Teresa Ludovico a finalement raconté, sous forme de voyage
visionnaire intérieur, son voyage, le voyage imaginaire de sa fée.
En changeant plusieurs fois de voix, elle a fait revivre deux
protagonistes de l’avant-garde artistique européenne, Gertrude
Stein et Alice Toklas, mais aussi tous les autres personnages tour à
tour évoqués dans la pièce : les invités illustres, le psychanalyste
lascif, le Robinson pathétique... En particulier, le Maestro Michele
Di Lallo et son basson ont accompagné le voyage de la
performeuse dans le célèbre salon parisien. Le musicien, présenté
aux spectateurs sous le nom de Fato (le masculin de fata mais
surtout la personnification du Destin), d’après l’interprétation
originale de l’actrice-dramaturge Teresa Ludovico, a secondé les
mouvements fiévreux et nerveux de la voix de la protagoniste.
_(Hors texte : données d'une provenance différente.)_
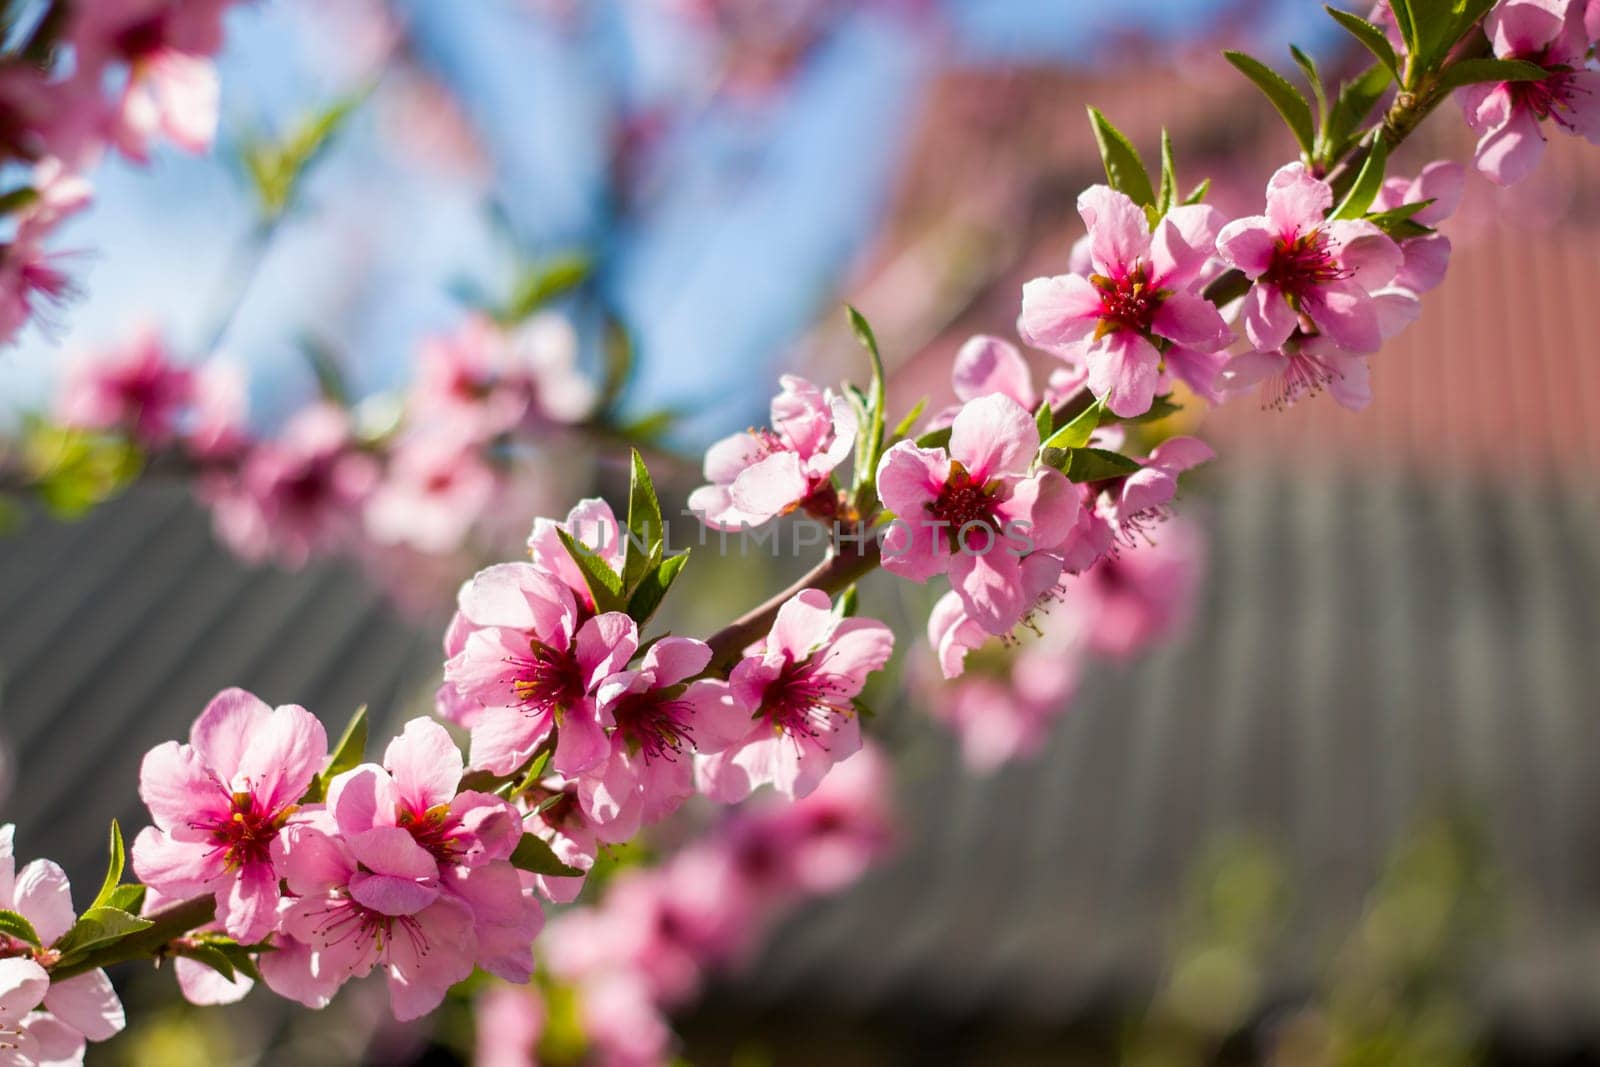 peach nectarine flowers on spring tree branch by romvo

Il
s’est fait l’alter ego parfait de la fée, l’expression musicale la plus
juste de ses émotions, pensées et sentiments.
Pour conclure, l’idée de fond de notre travail est que le texte
dramatique et sa traduction sont toujours conçus pour un usage
spécifique : la scène. Ainsi, traduire pour le théâtre revient-il à
essayer de rendre l’oralité du langage, ainsi que la gestualité
inscrite dans le verbe théâtral, en somme produire un texte qui
puisse être dit, incarné, et pour ainsi dire incorporé par des acteurs.
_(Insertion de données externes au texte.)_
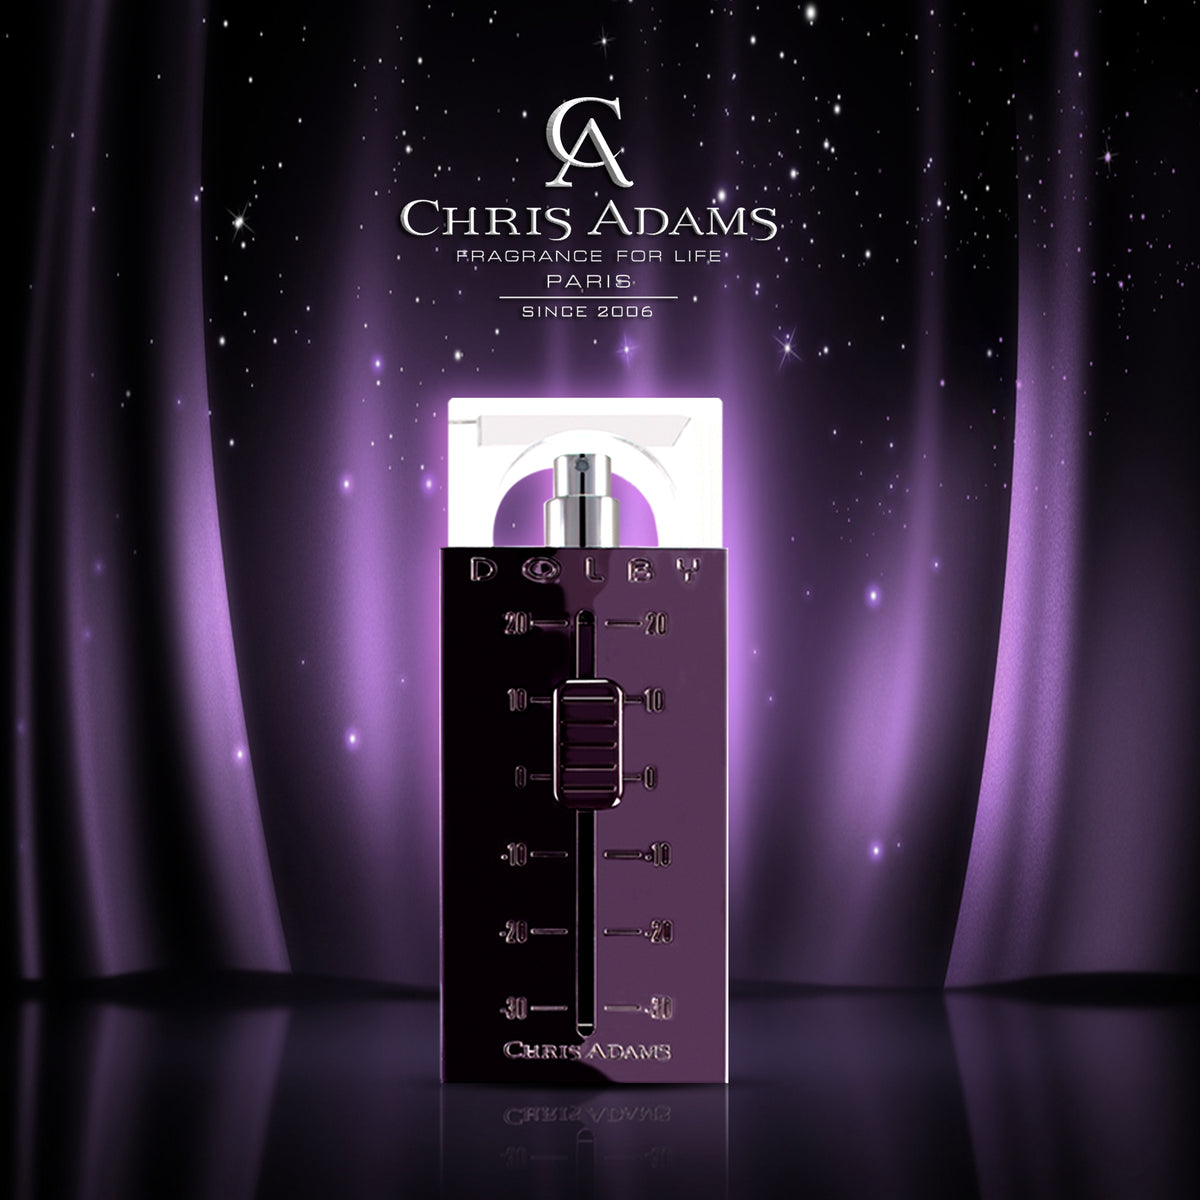 Chris Adams Eau De Parfum - Dolby, 100ml Gardenia Cosmotrade LLP

Comme on ne cesse de le répéter dans tout écrit sur le sujet,
un traducteur qui oublierait ou sous-estimerait la nature
essentiellement « duelle » de ce verbe de théâtre risquerait de
produire une traduction peut-être exacte et écrite dans une belle
langue, mais qui ne serait pas prononçable, difficile à mettre en
bouche, et qui entraverait la pratique théâtrale. Traduire pour la
scène c’est donc entendre des voix qui disent ; le traducteur doit se
mettre à l’écoute de cette voix qui lui fait préférer tel vocable, tel
son, telle musique, tel ordre des mots. Dans sa pratique, s’avèrent
20 Ida PORFIDO
essentielles les suggestions que Luigi Pirandello adresse au
dramaturge (Pirandello 1994 : 194) :
Ma perché dalle pagine scritte i personaggi balzino vivi e
semoventi bisogna che il drammaturgo trovi la parola che sia l’azione
stessa parlata, la parola viva che muova, l’espressione immediata,
connaturata con l’atto, l’espressione unica, che non può essere che quella,
propria cioè a quel dato personaggio in quella data situazione; parole,
espressioni che non si inventano, ma che nascono, quando l’autore si sia
veramente immedesimato con la sua creatura fino a sentirla come essa si
sente, a volerla com’essa vuole.
Écrire-traduire pour le théâtre signifie plonger le texte dans
une situation d’énonciation, lui donner de l’énergie propulsive
surtout à travers le langage, caractériser les personnages et leurs
rapports à travers les dialogues, enfin saisir et rendre le rythme en
tant qu’organisation du mouvement de la parole dans la langue. Un
texte de théâtre est un texte écrit pour des bouches, pour des
poitrines, pour des souffles. Loin d’être une mise en forme
extérieure et « expressive » d’un sens qui serait connu d’avance, la
traduction pour le théâtre insuffle la vie aux mots, les constitue en
ensemble cohérent et dessine en quelque sorte la dramaturgie
générale du texte ainsi conçu. Autrement dit, le propre de la
traduction théâtrale est finalement de donner à comprendre, à
entendre et à voir, avant d’avoir pour but de séduire.